# Calibration diagrams



## Guest (Dec 28, 2007)

After many hours in the past few days and today, I am totaly confused. Reading posts and switching back and forth from one post to another I'm lost. Somewhere I saw a diagram on hooking the items up to do a soundcard calibration with the 802 in the mix. Can somebody please direct me to it. Thanks Tom:scratchhead:


----------



## brucek (Apr 11, 2006)

You simply want to include the 802 in the loop from the soundcard line-out to the soundcard line-in when you do the calibration. When you save the soundcard cal file, the response anomolies will be in there, along with the soundcards response anaomolies.

That way, the response of the mixer is compensated for and won't effect the measurements.

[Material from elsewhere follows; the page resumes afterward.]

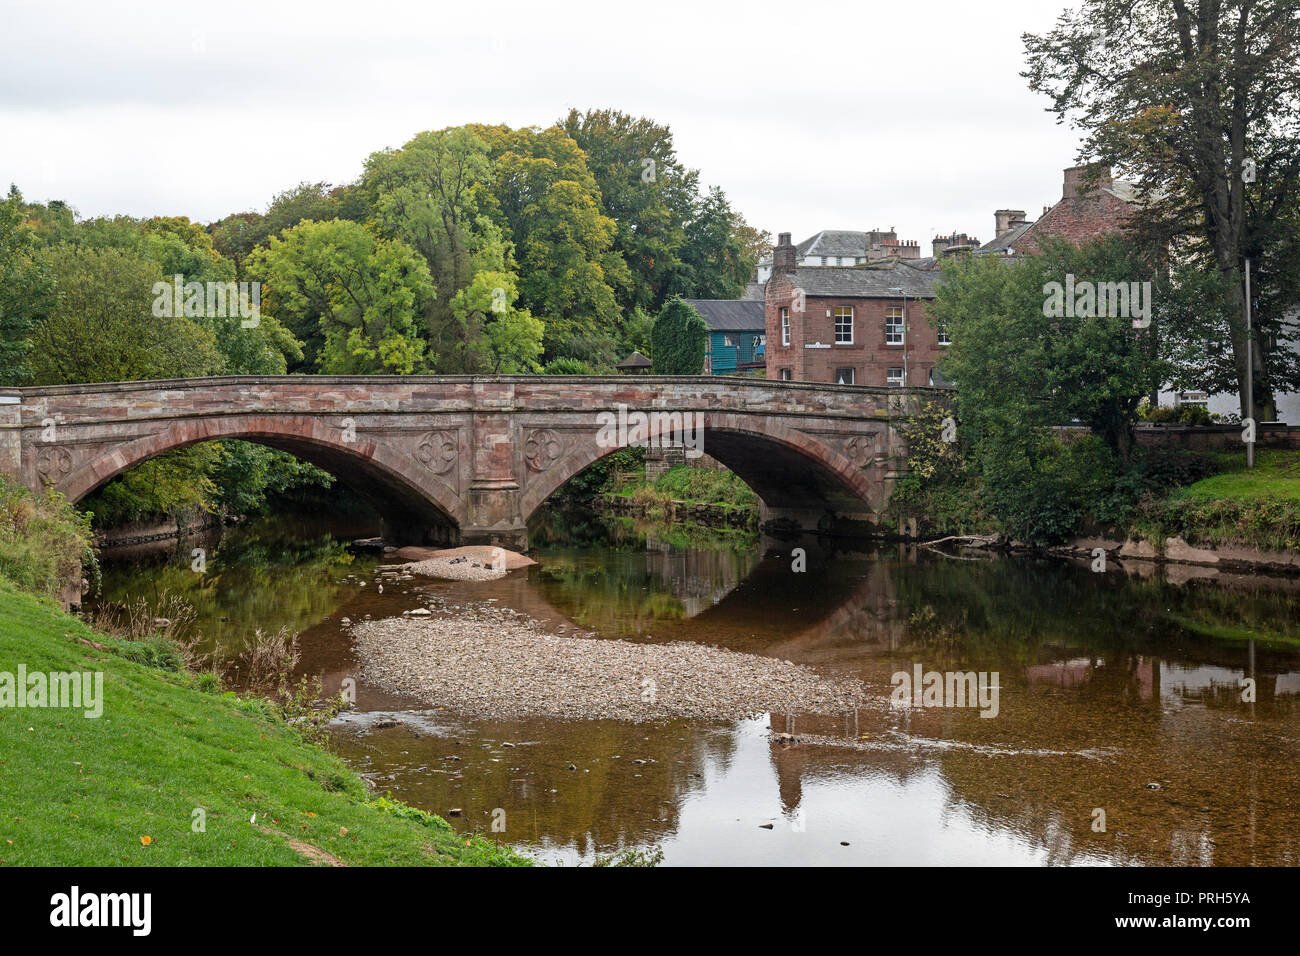 Le pont Saint-laurent, construit en 1889, enjambant la rivière Eden, dans la ville de Appleby-in-Westmorland dans le comté de Cumbrie en Angleterre. Banque D'Images

Here's a pic of my 802 with the two cables connected. The gray cable on the left comes from the soundcard line-out and the red cable on the right goes to the soundcard line-in. You have to play around a bit with the levels, but no big deal.








.

Make sense?

brucek


----------



## boone (Dec 27, 2008)

Bruce,

Do you still recommend including the ub802 in the soundcard calibration process?
Thanks.

Boone


----------



## brucek (Apr 11, 2006)

> Do you still recommend including the ub802 in the soundcard calibration process?


Yes, it's a one time measurement to create the file and you're done.

brucek


----------